## What is expected:
From top to bottom, write out the listing exactly and skip every picture.

## Data extract:
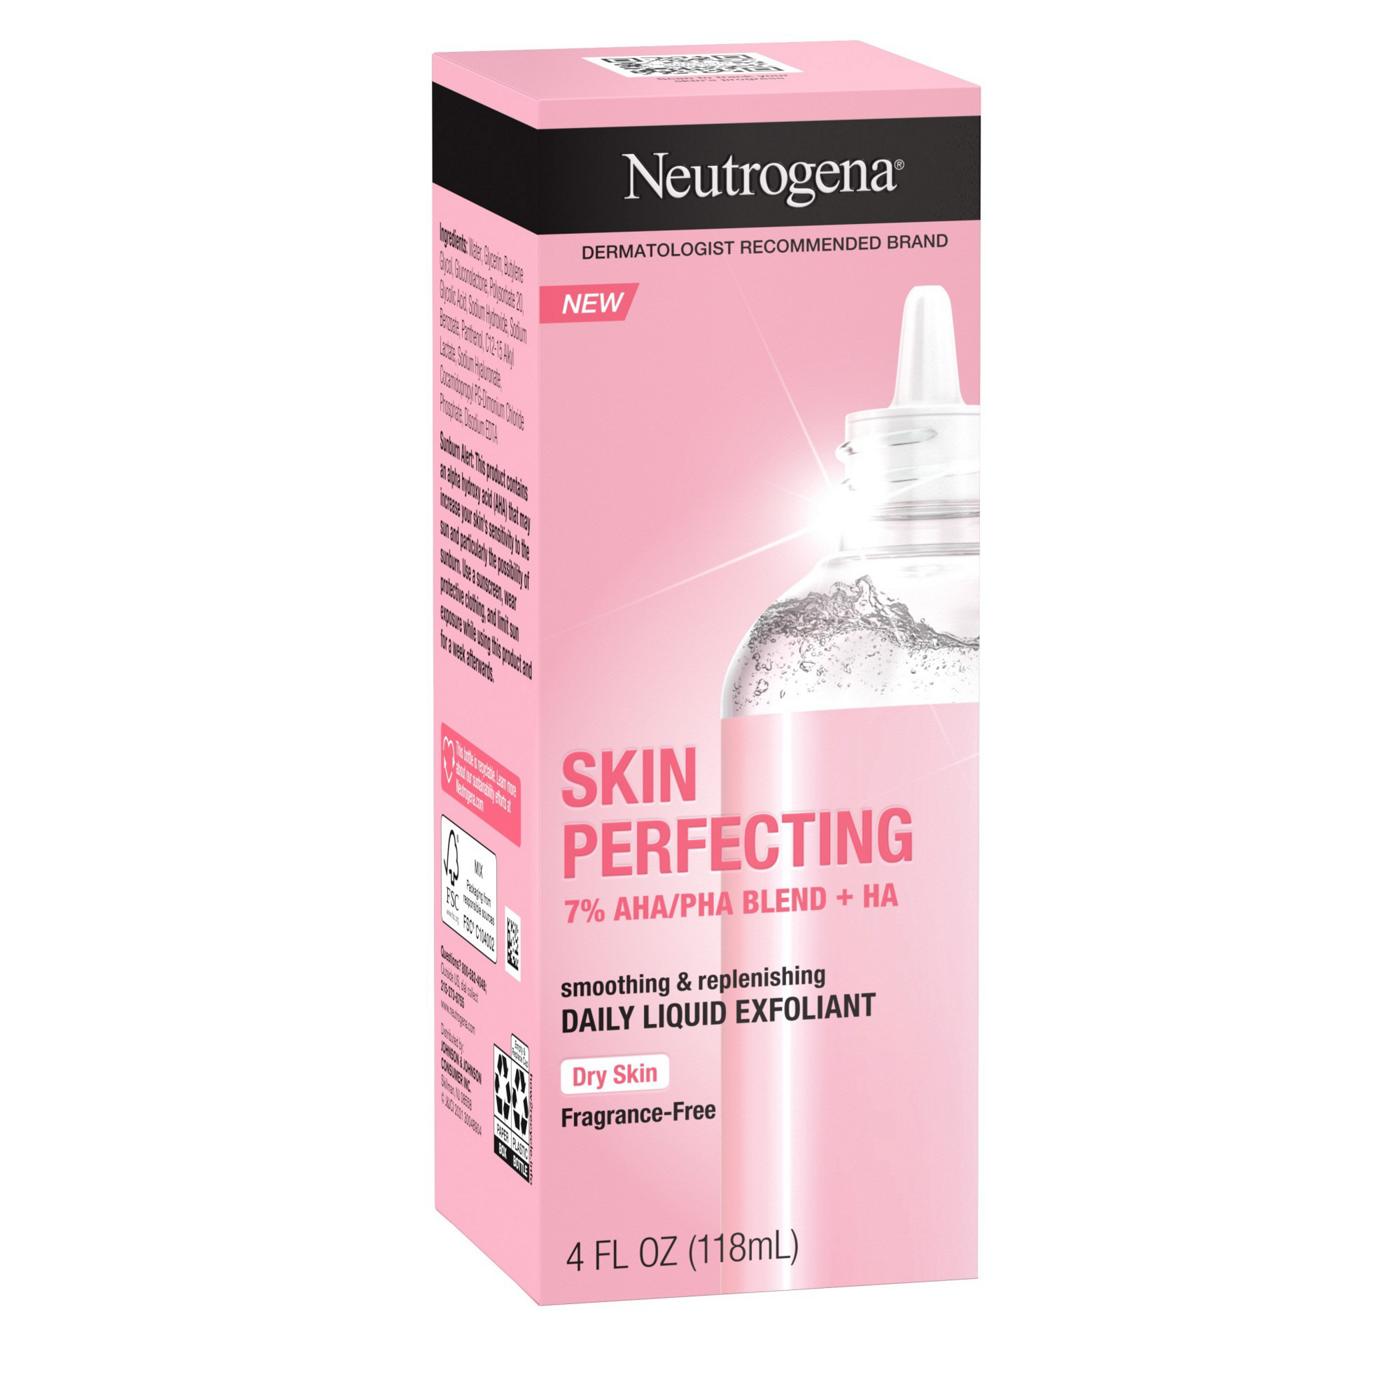 Neutrogena Perfecting Dry Skin Liquid Exfoliant, Aha/Pha Blend + Ha; image 1 of 8
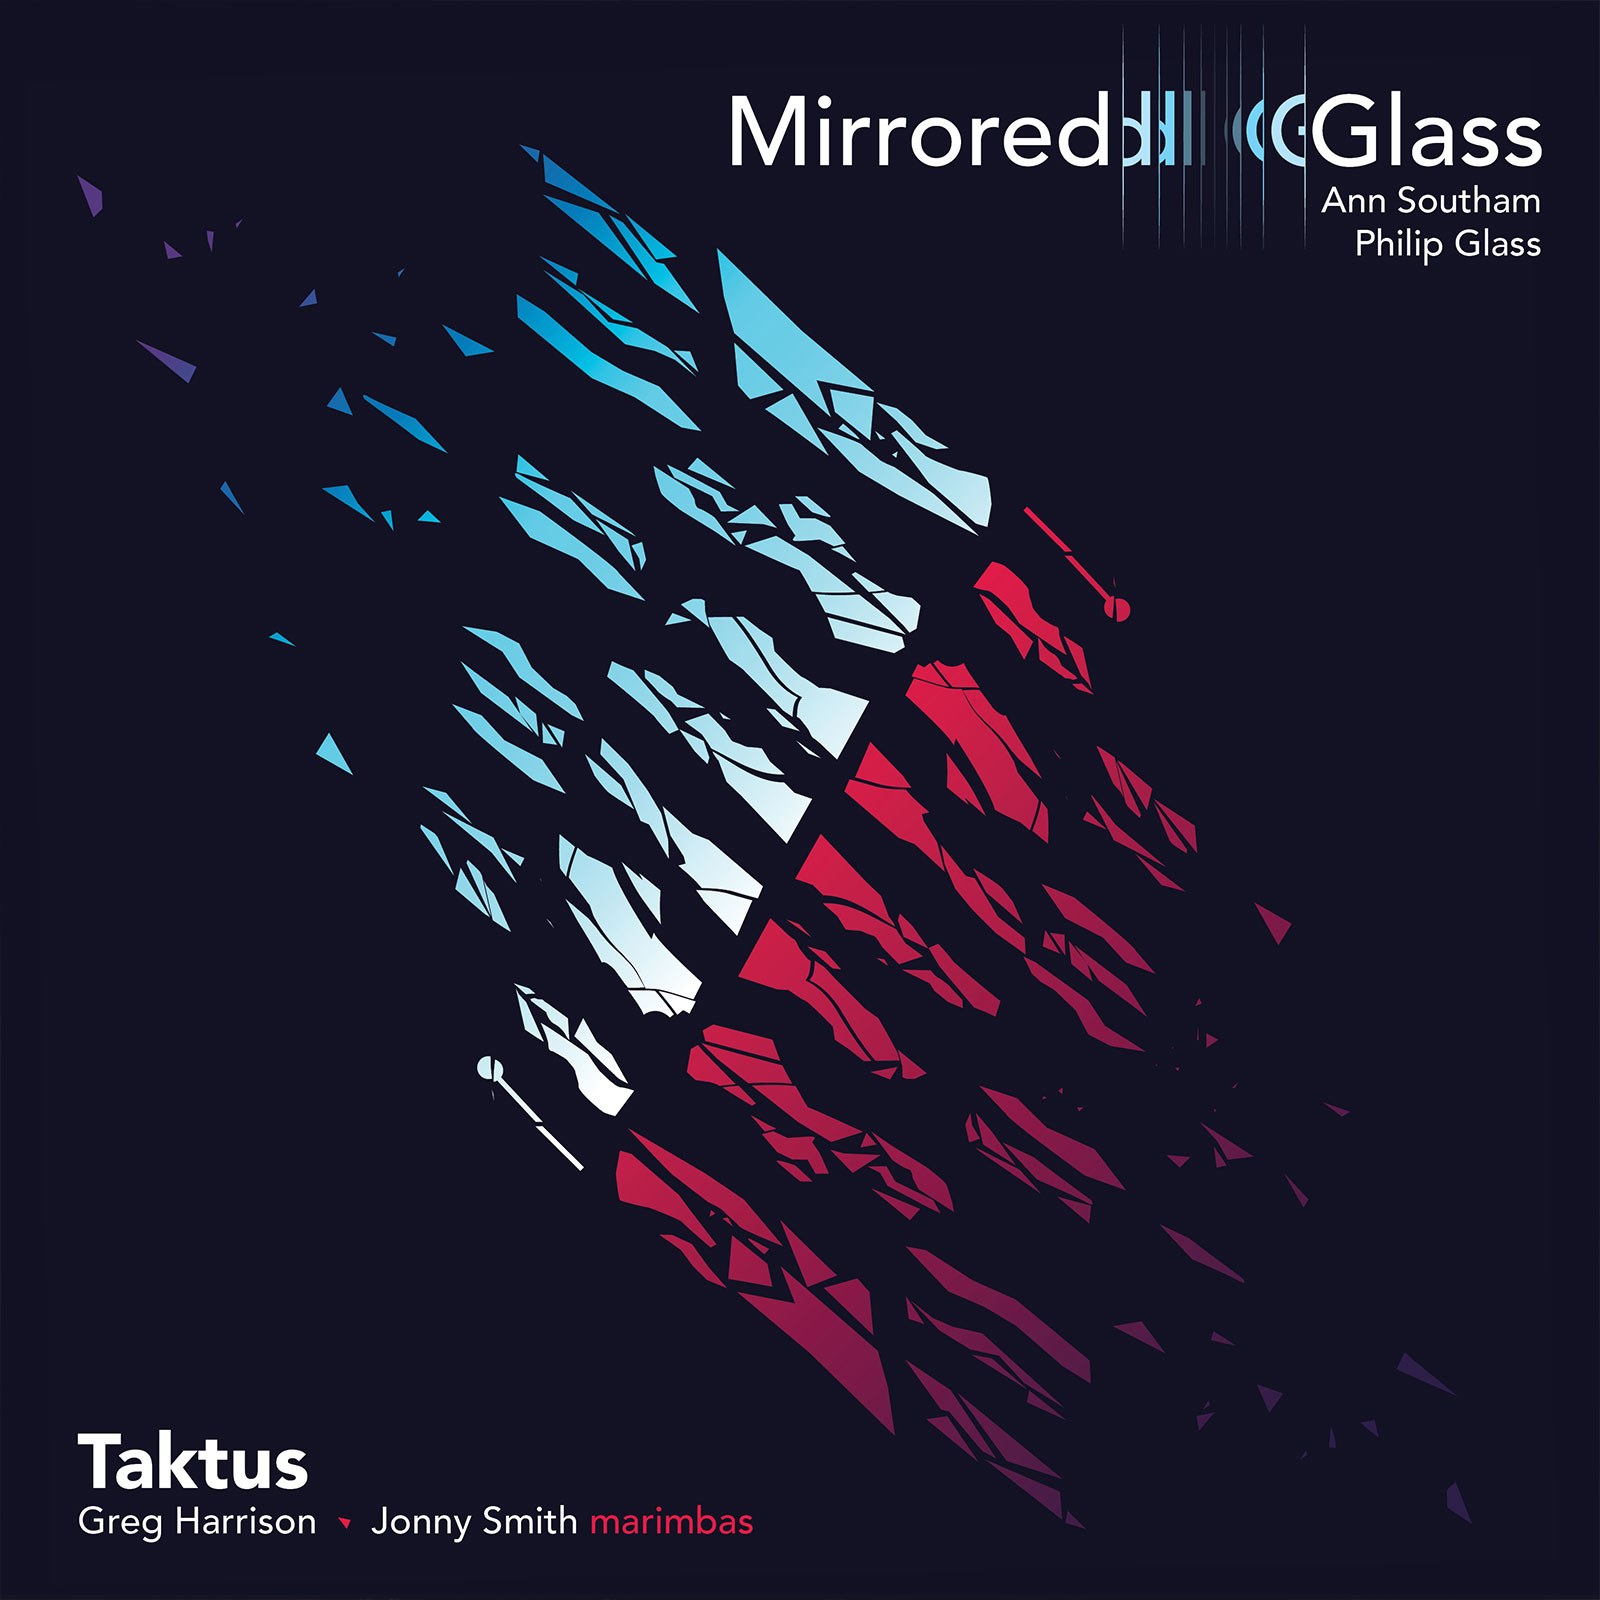 Mirrored Glass - Taktus - Album Cover
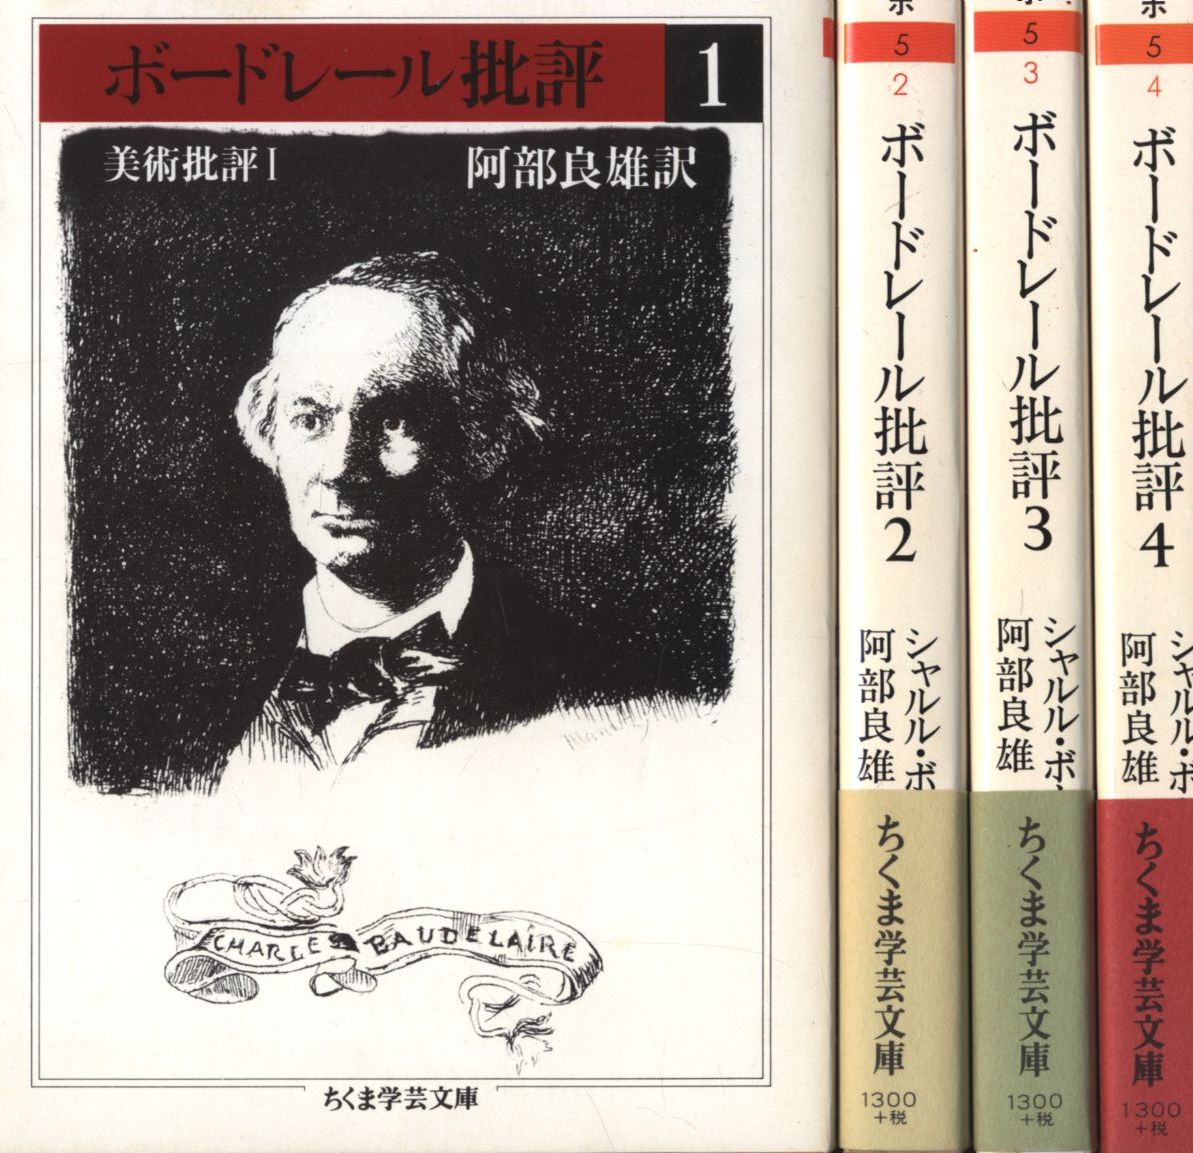 Charles Board Rail Abe Yoshio Translation Baudelaire Critics All Four Volumes Assortment Mandarake Online Shop
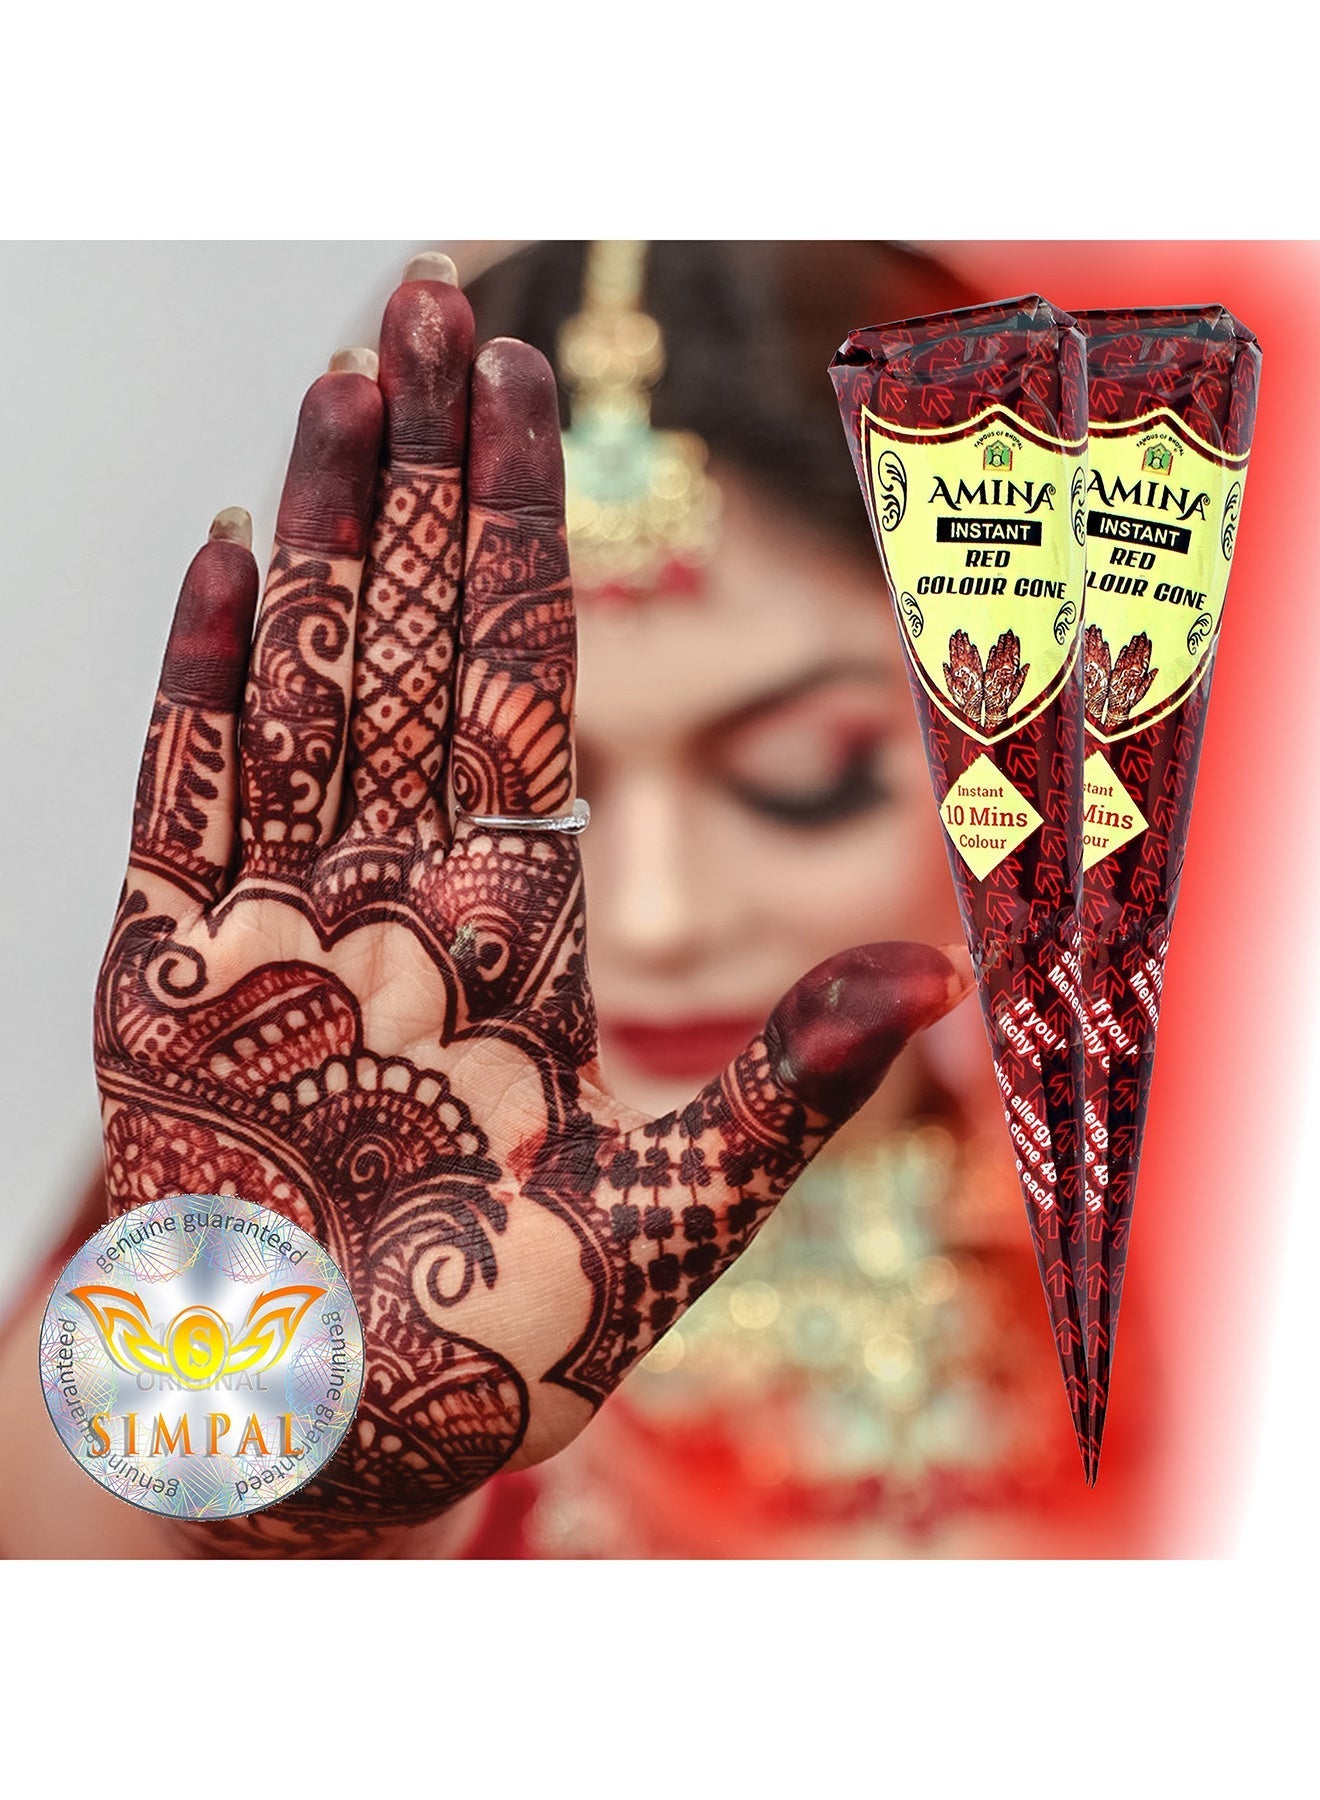 Organic Henna Cones Amina Instant Mehendi Cone Red 25 gm Value Pack of 2

## Reply to the exercise:
 Neutrogena Perfecting Dry Skin Liquid Exfoliant, Aha/Pha Blend + Ha; image 1 of 8
 Mirrored Glass - Taktus - Album Cover
 Charles Board Rail Abe Yoshio Translation Baudelaire Critics All Four Volumes Assortment Mandarake Online Shop
 Organic Henna Cones Amina Instant Mehendi Cone Red 25 gm Value Pack of 2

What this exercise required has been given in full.